* Data excerpts
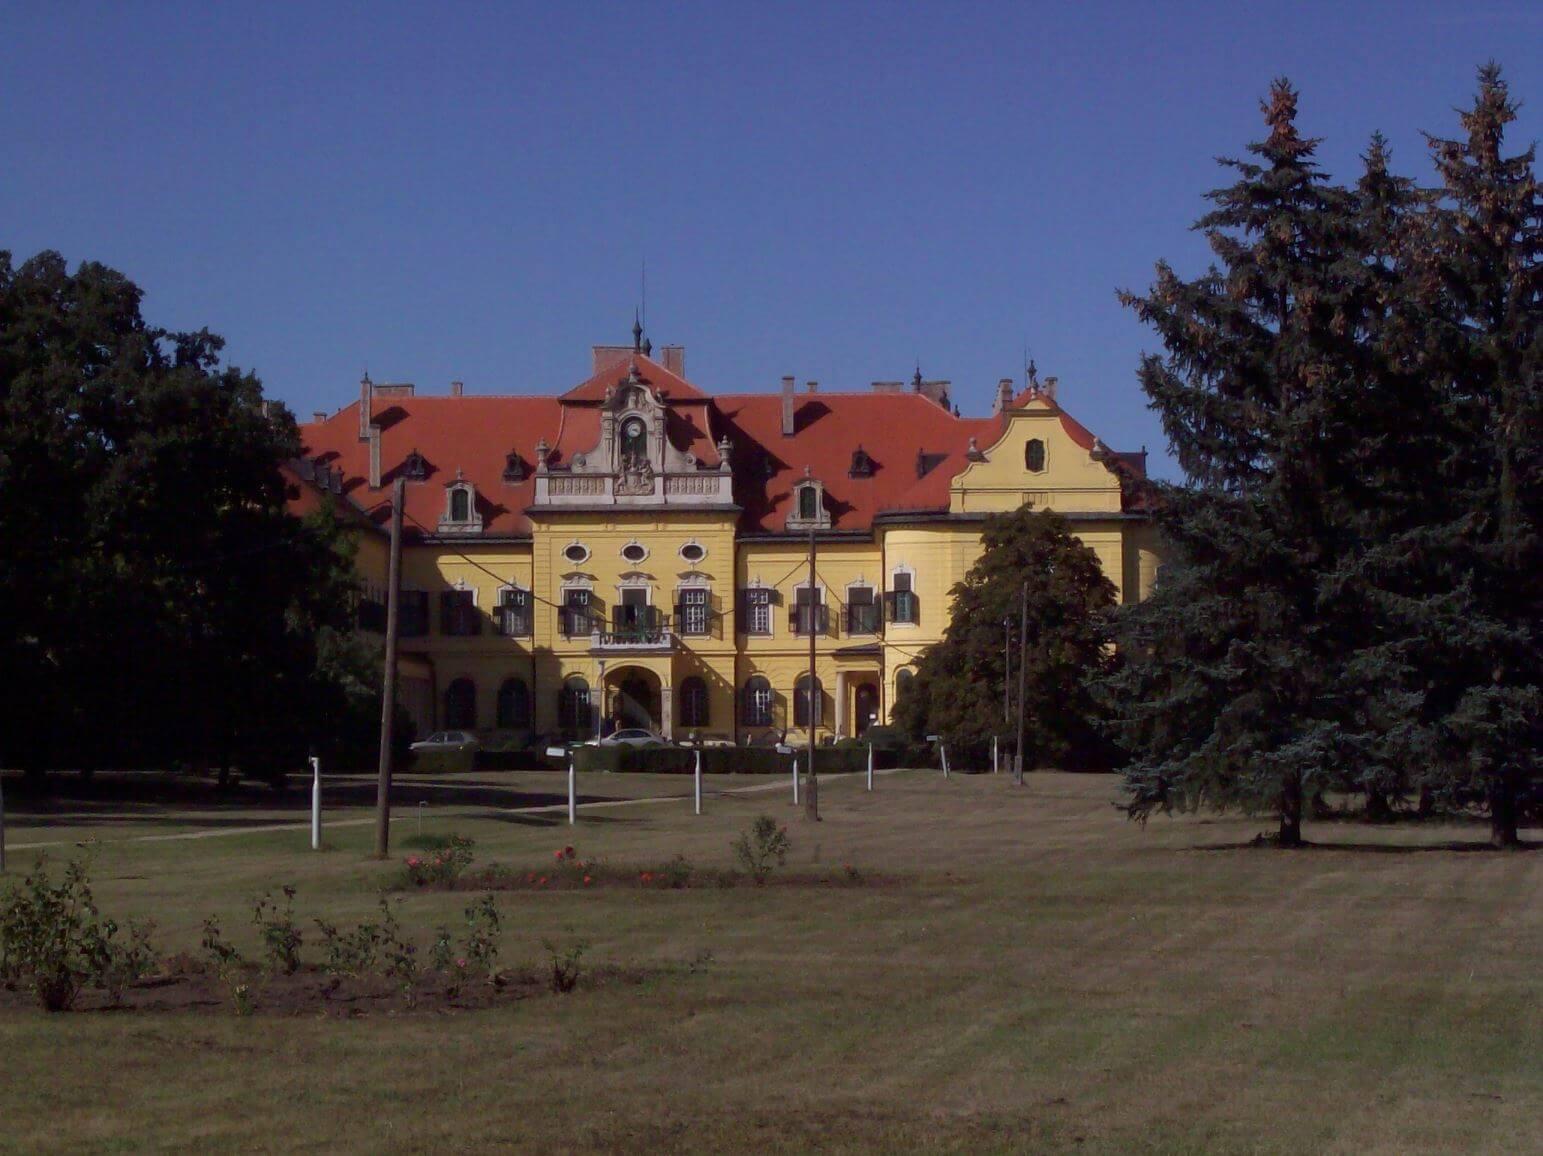 Palace Grounds at Nagymágocs
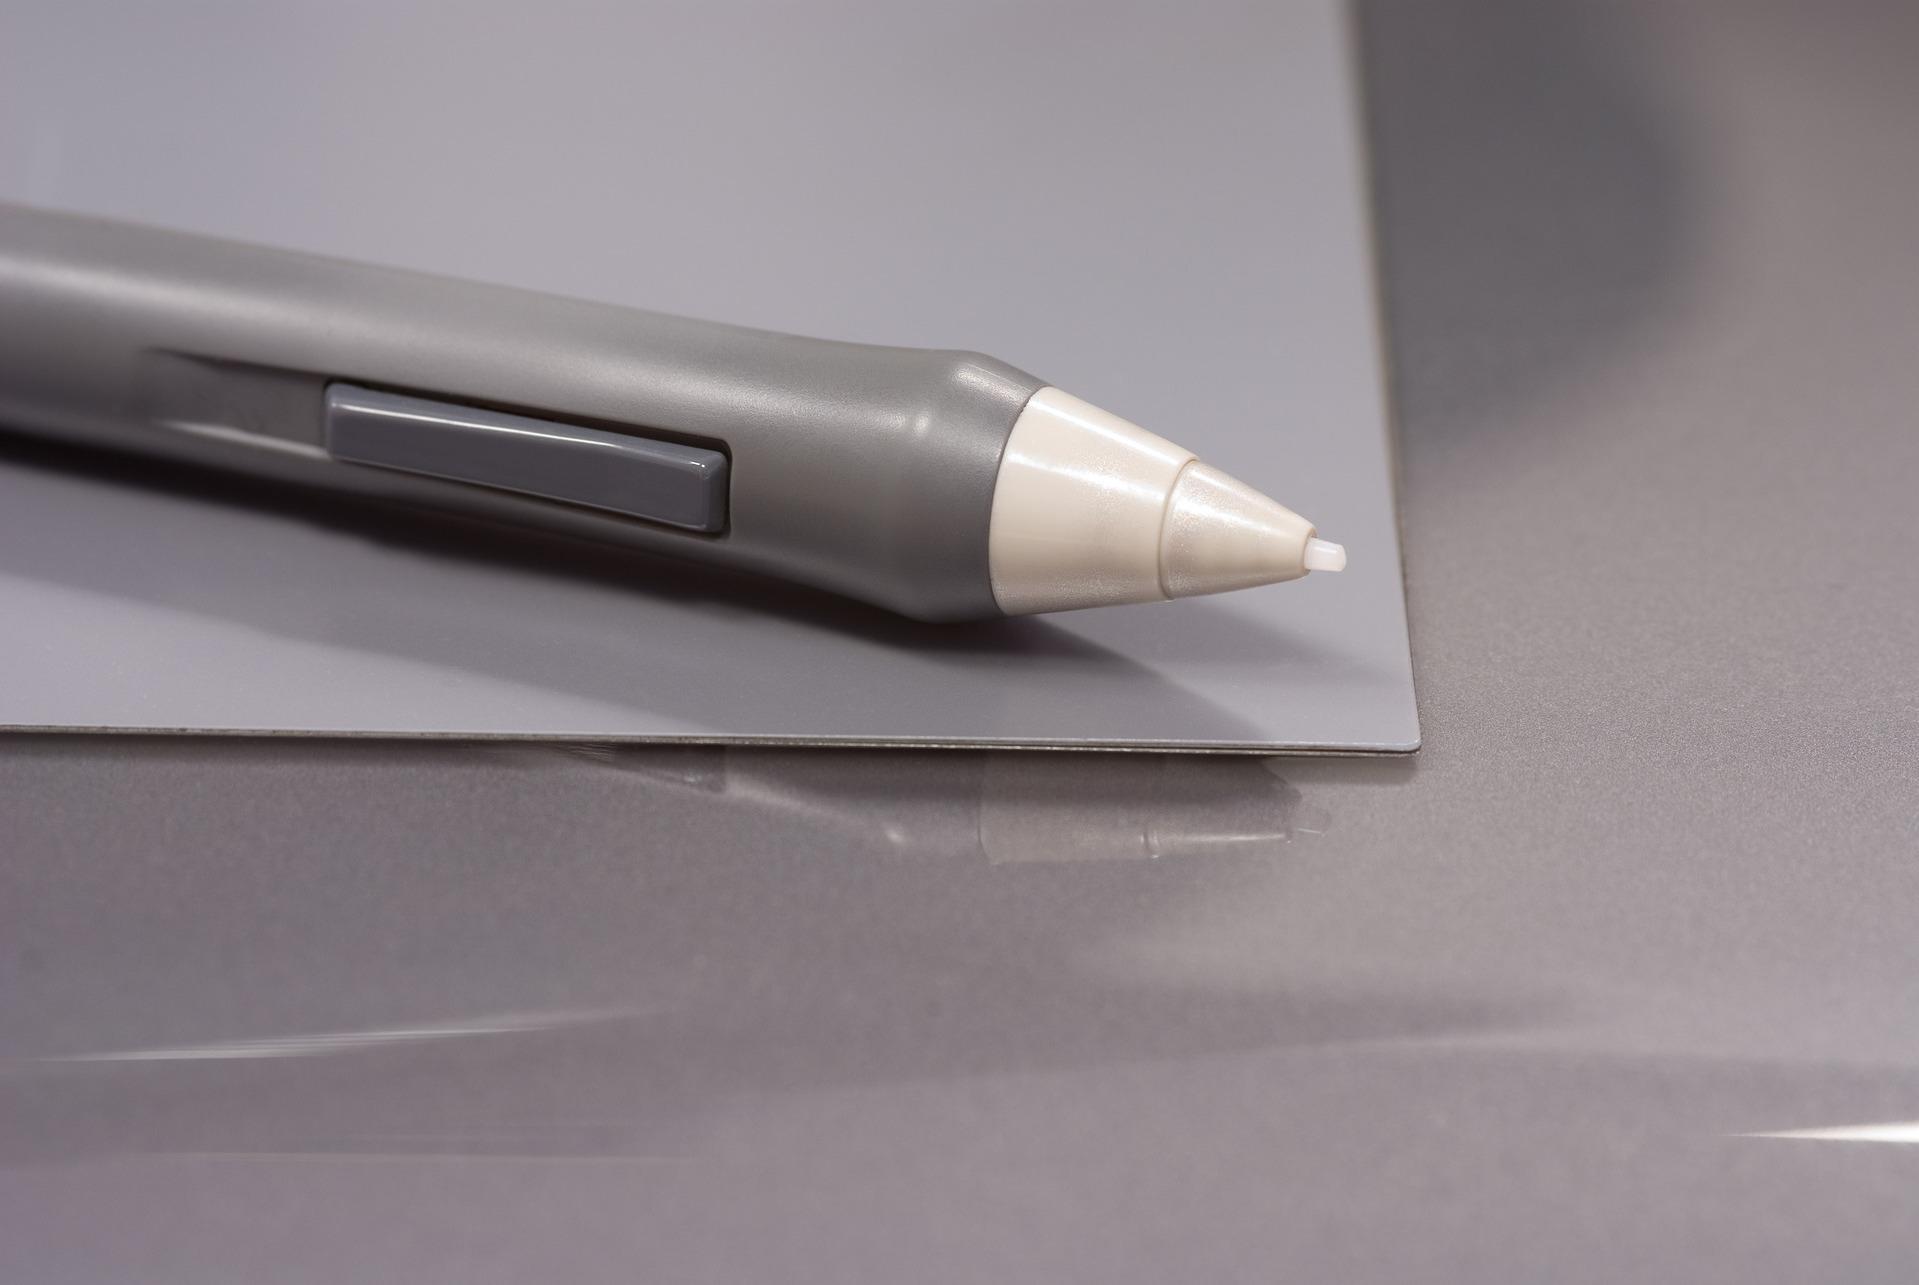 pen-tablet-1242389-1919x1284.jpg
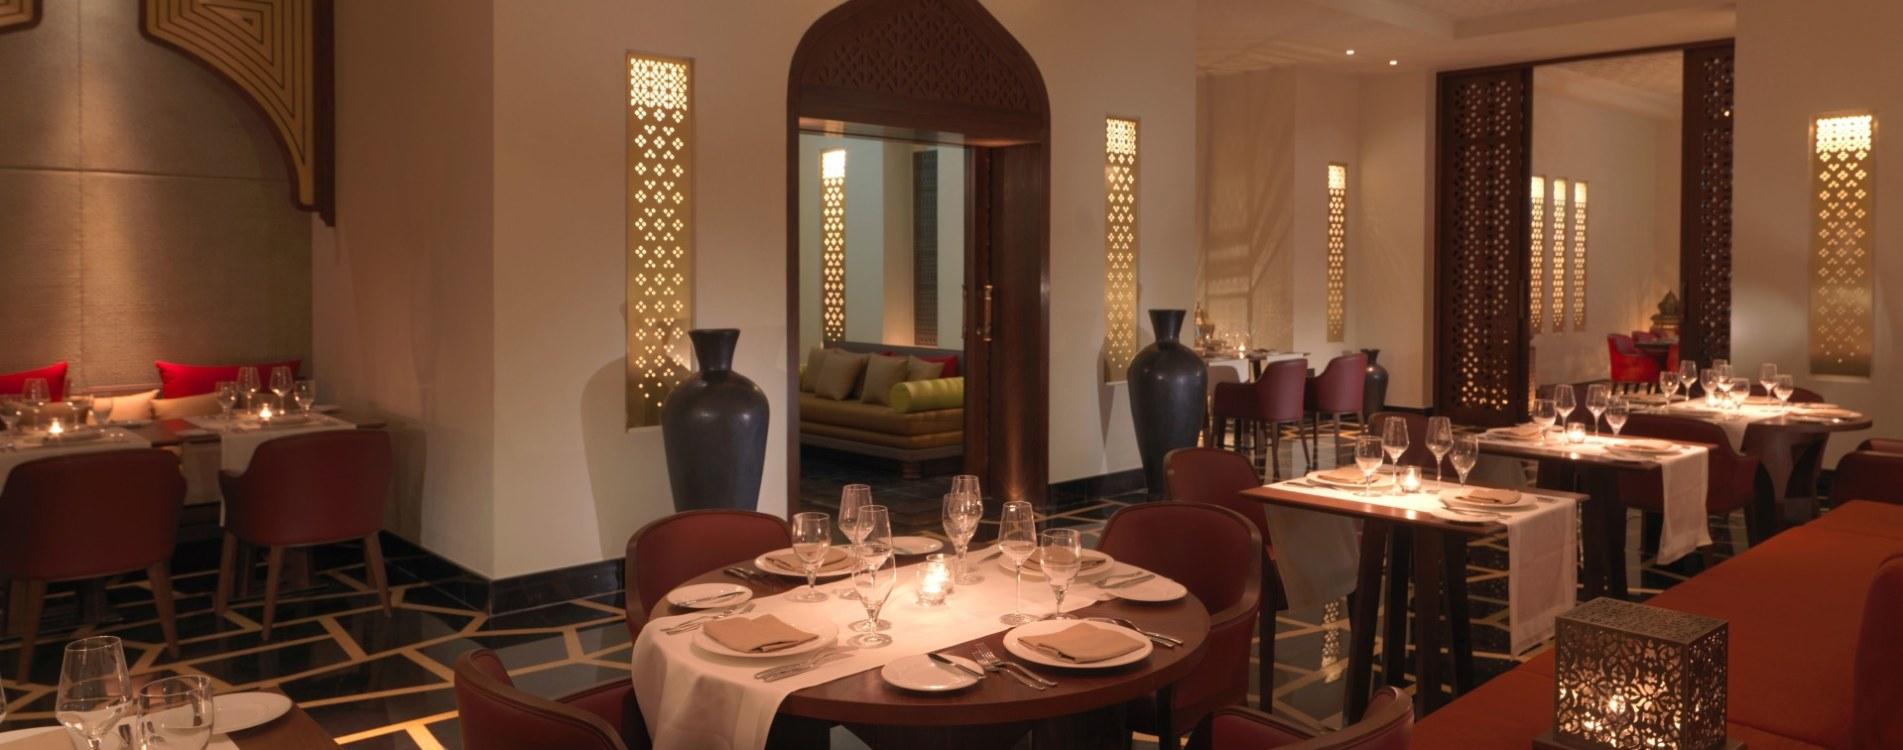 Anantara-Al-Jabal-Al-Akhdar-Resort-Dining-Al-Qalaa-Restaurant-Interior-Oman.jpg
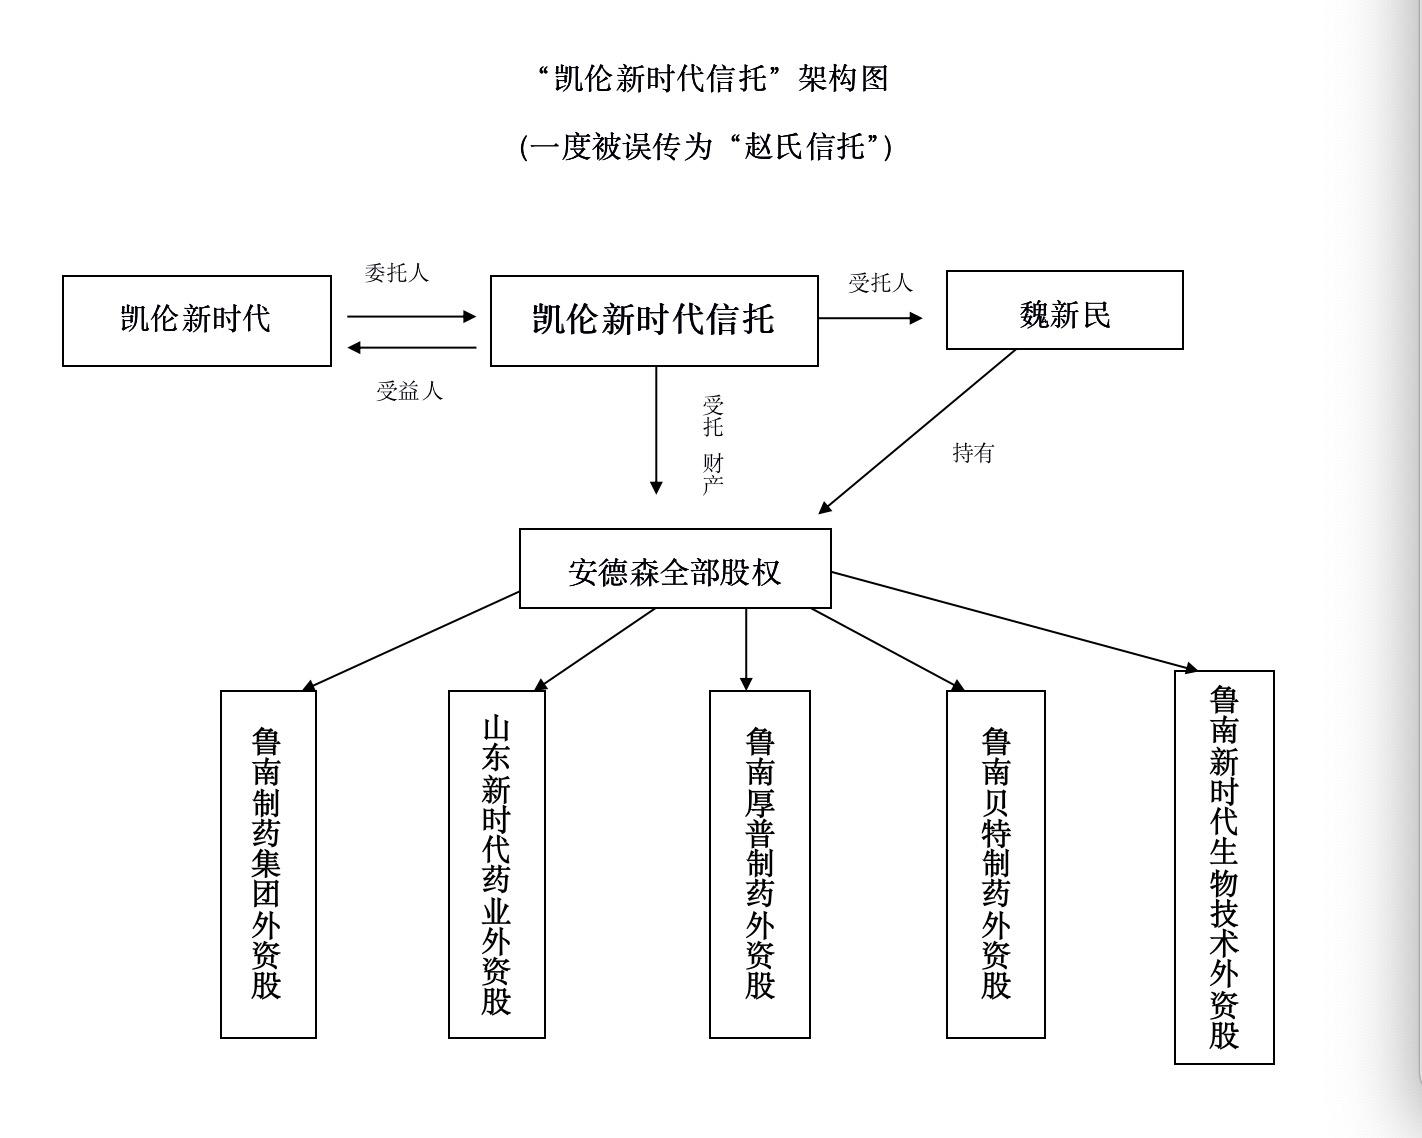 鲁南制药04.jpg
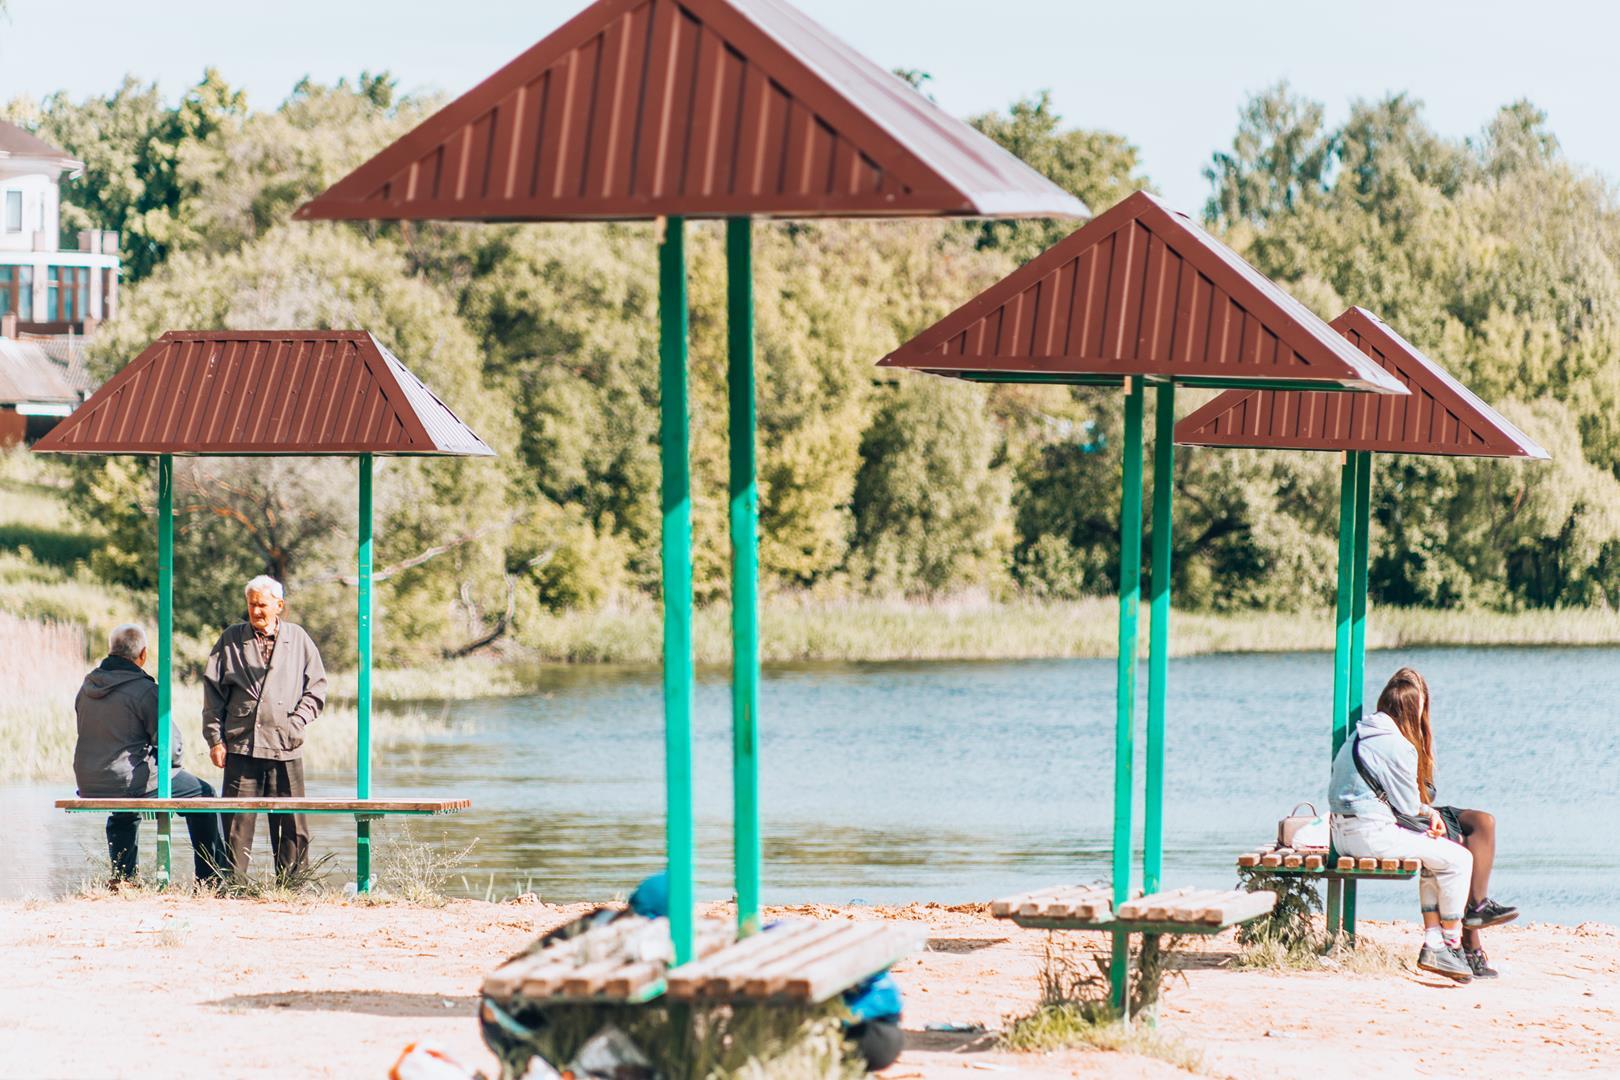 Фотообзор пляжей, которые доступны жителям Клинцов. Три самых близких варианта для отдыха

* Work to be completed
Output nothing but the records, word for word, and none of their pictures.

* Answer space
 Palace Grounds at Nagymágocs
 pen-tablet-1242389-1919x1284.jpg
 Anantara-Al-Jabal-Al-Akhdar-Resort-Dining-Al-Qalaa-Restaurant-Interior-Oman.jpg
 鲁南制药04.jpg
 Фотообзор пляжей, которые доступны жителям Клинцов. Три самых близких варианта для отдыха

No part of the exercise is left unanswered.